Copy out each line of the material exactly. Pictures do not belong in the copy.

## Data block:
· · · ·

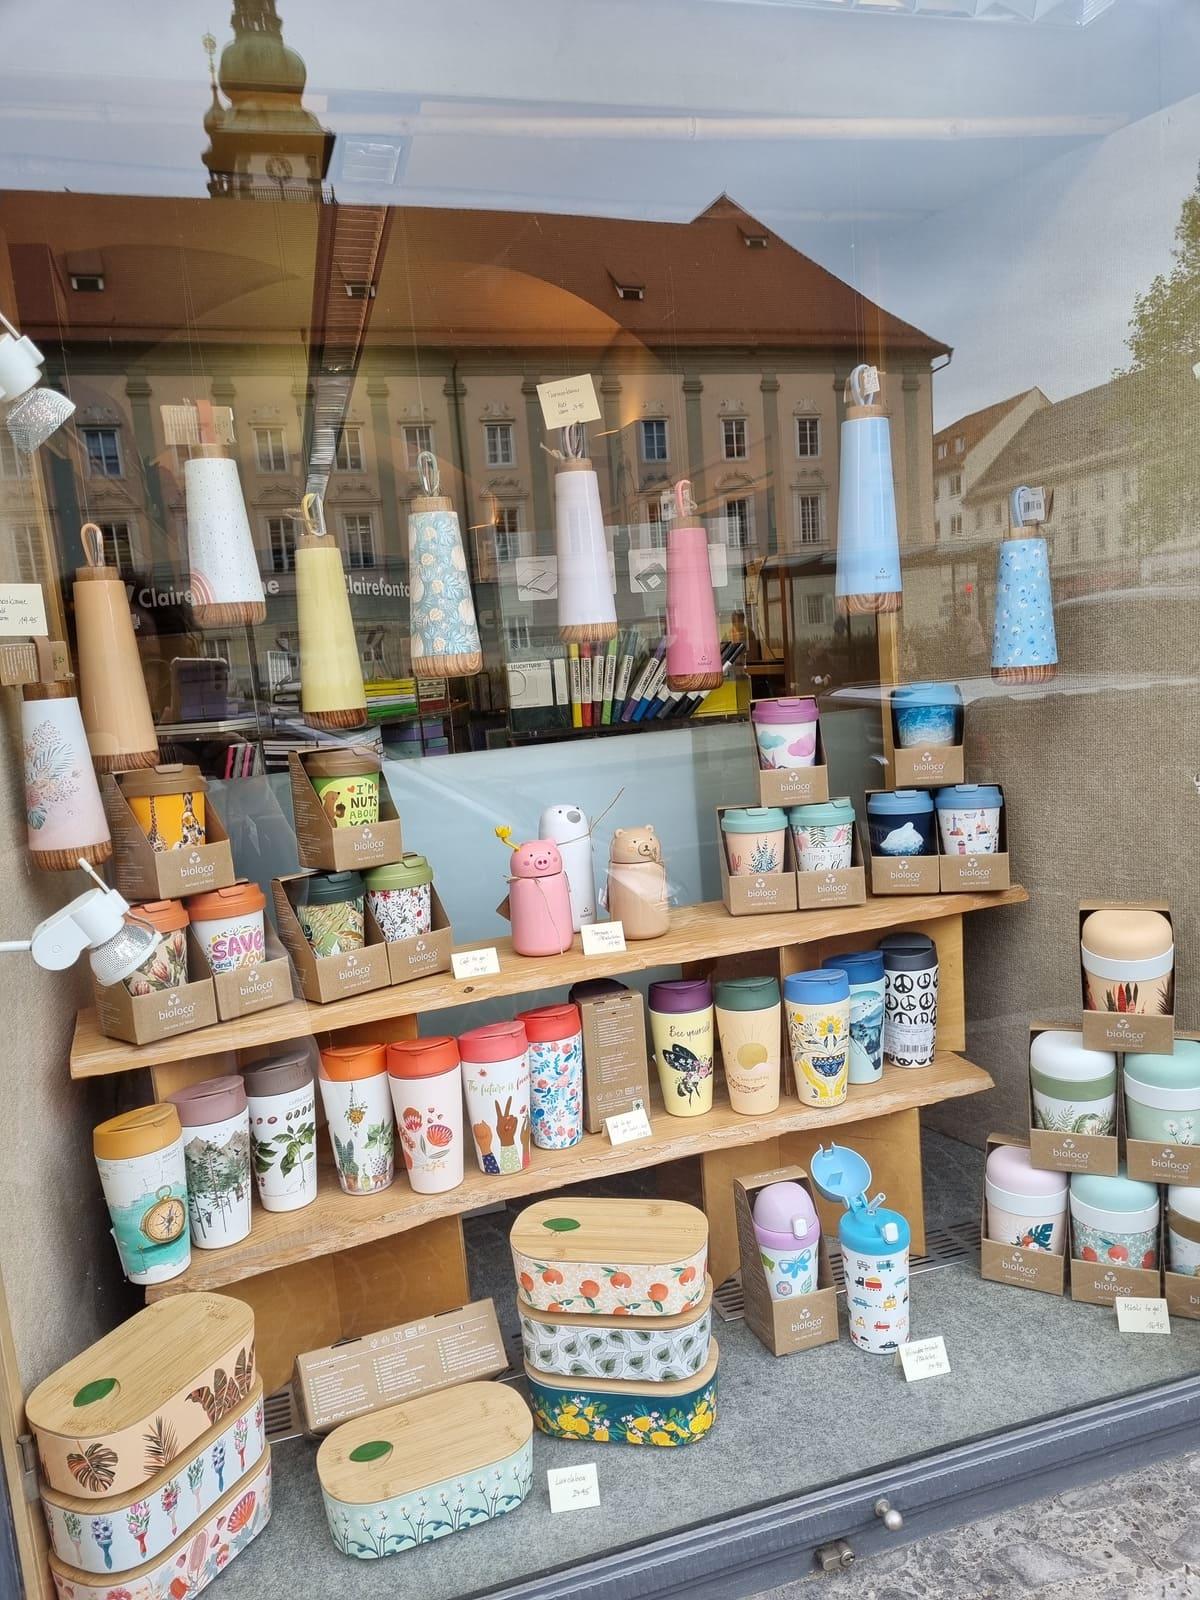 Schaufenster der Kärntner Buchhandlung mit vielen Schulartikeln zum Schulbeginn: Trinkflaschen, Jausenboxen, Warmhaltegefäße, Teebecher, Kaffeebecker
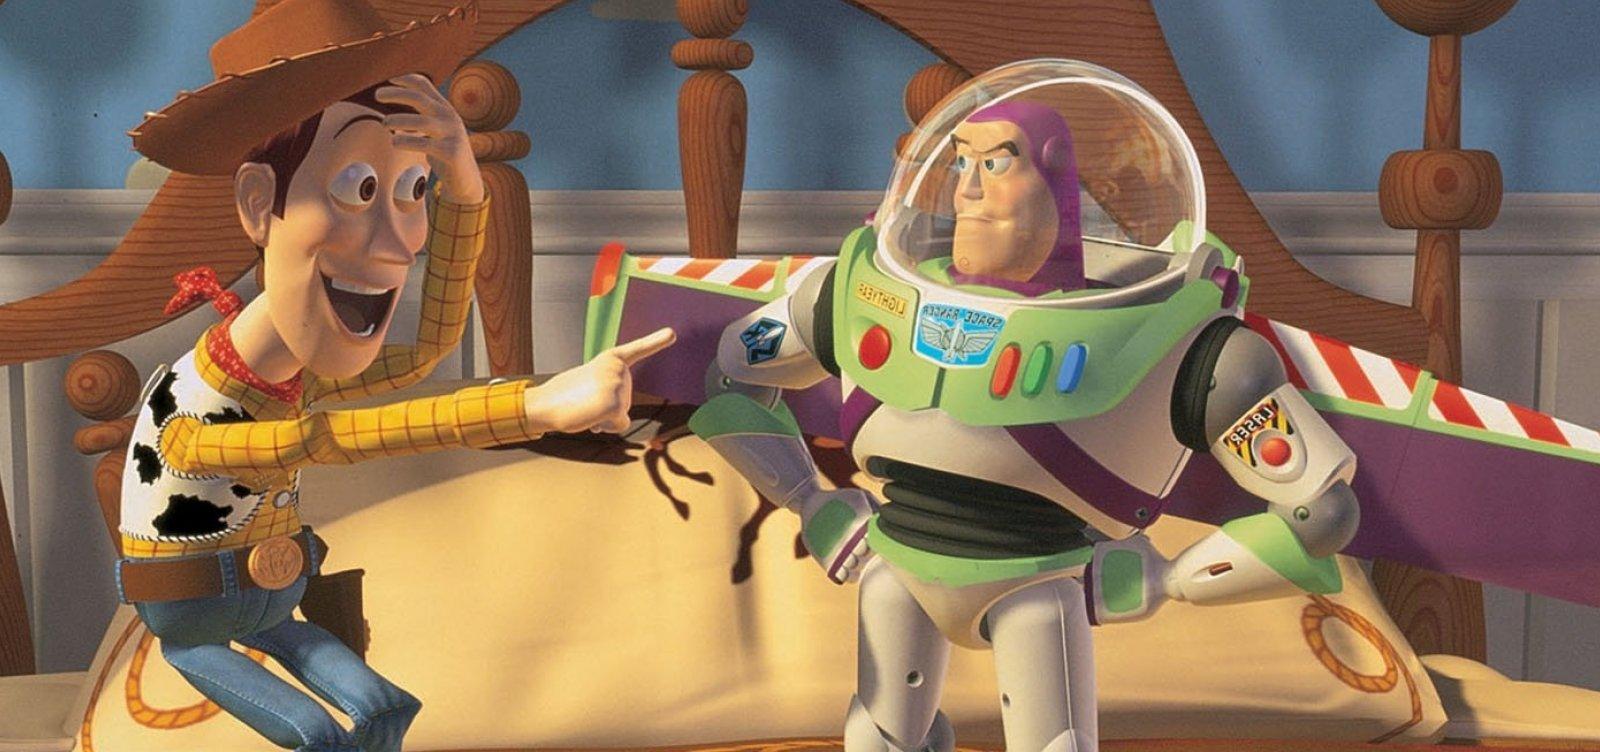 [Disney exclui cena de 'Toy Story' que fazia alusão a casos de assédio em Hollywood]
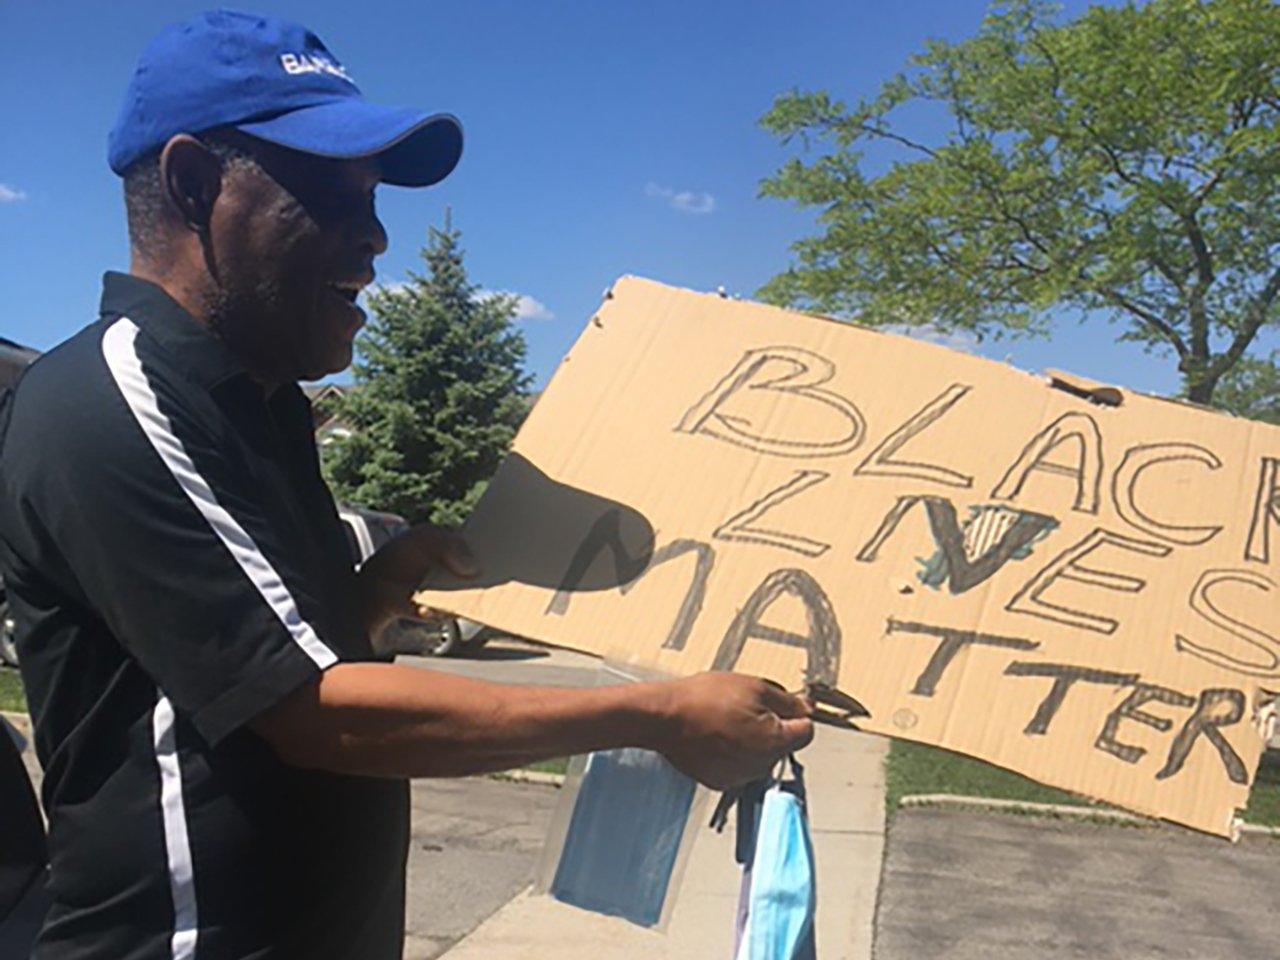 An older Black man holds a cardboard Black Lives Matter sign
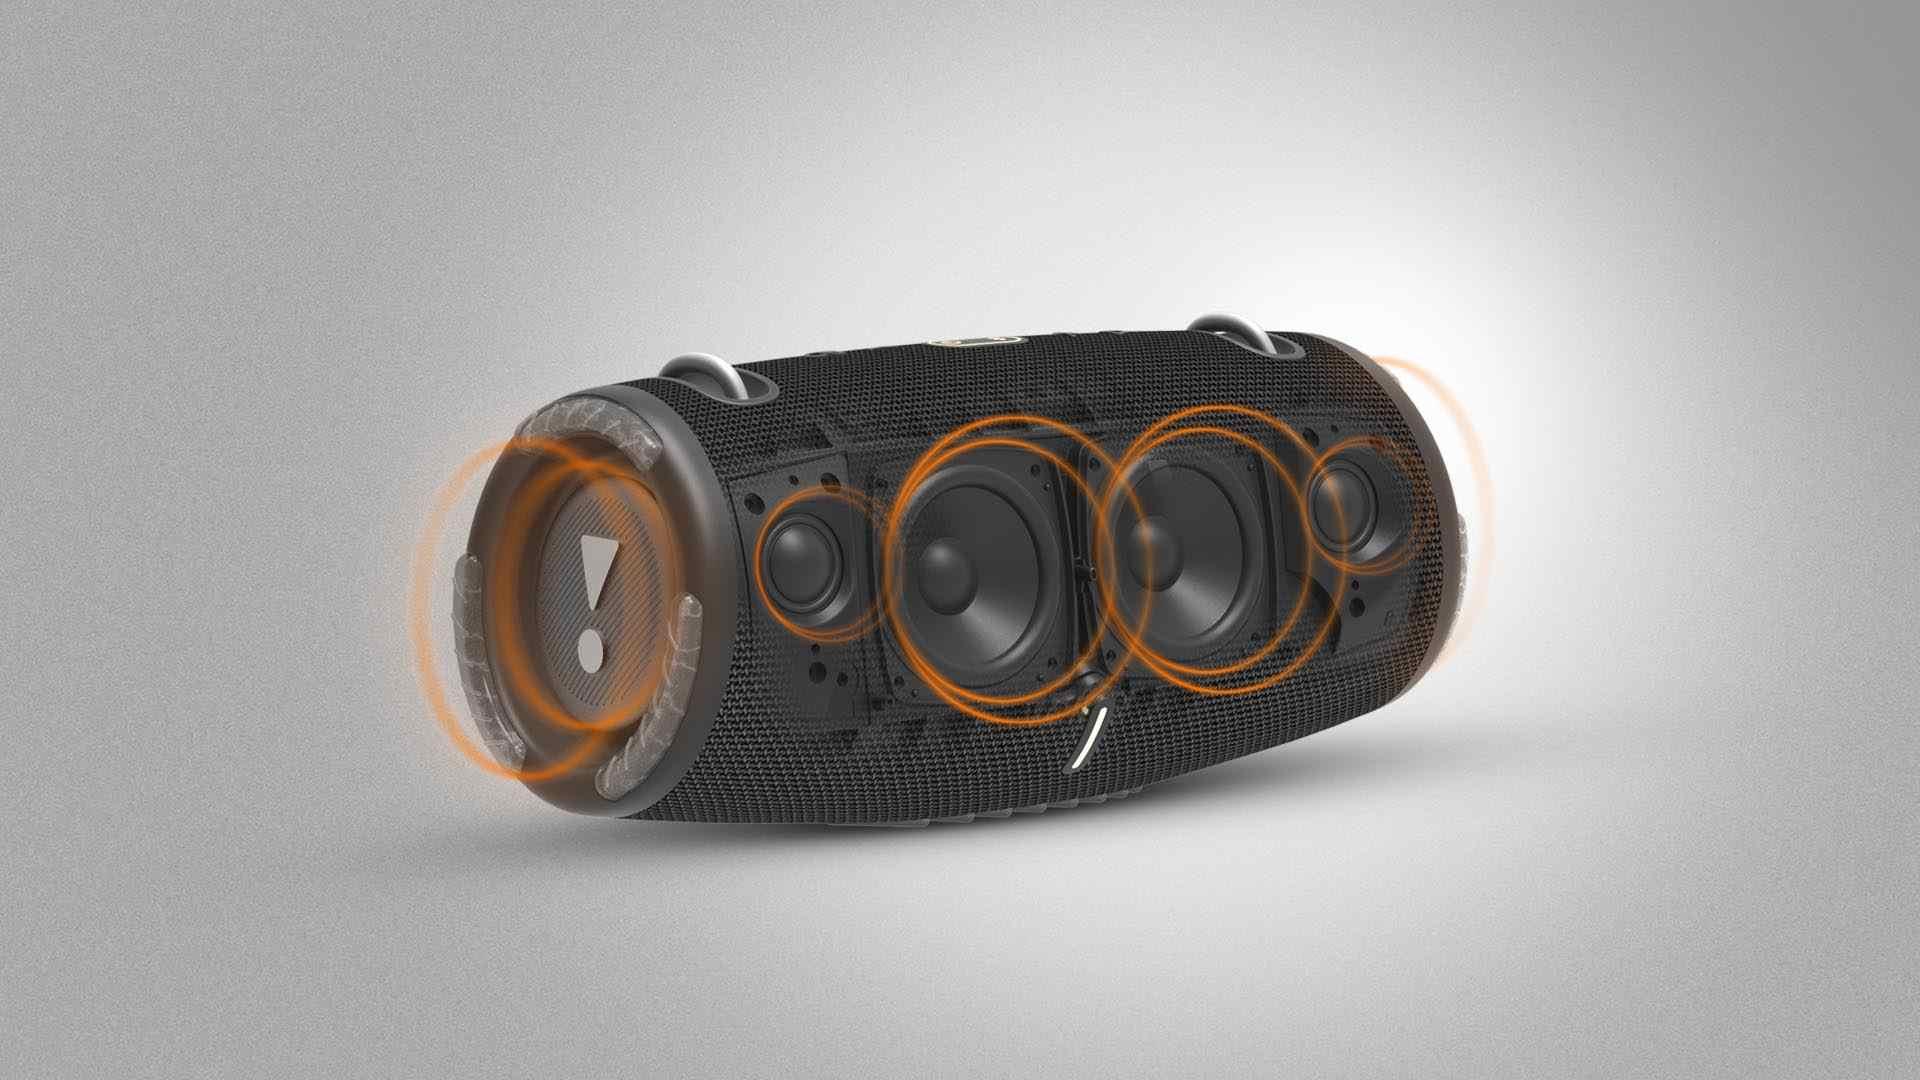 Imagem mostra JBL Xtreme 3 com foco nos woofers

· · · ·

## Exercise output:
 Schaufenster der Kärntner Buchhandlung mit vielen Schulartikeln zum Schulbeginn: Trinkflaschen, Jausenboxen, Warmhaltegefäße, Teebecher, Kaffeebecker
 [Disney exclui cena de 'Toy Story' que fazia alusão a casos de assédio em Hollywood]
 An older Black man holds a cardboard Black Lives Matter sign
 Imagem mostra JBL Xtreme 3 com foco nos woofers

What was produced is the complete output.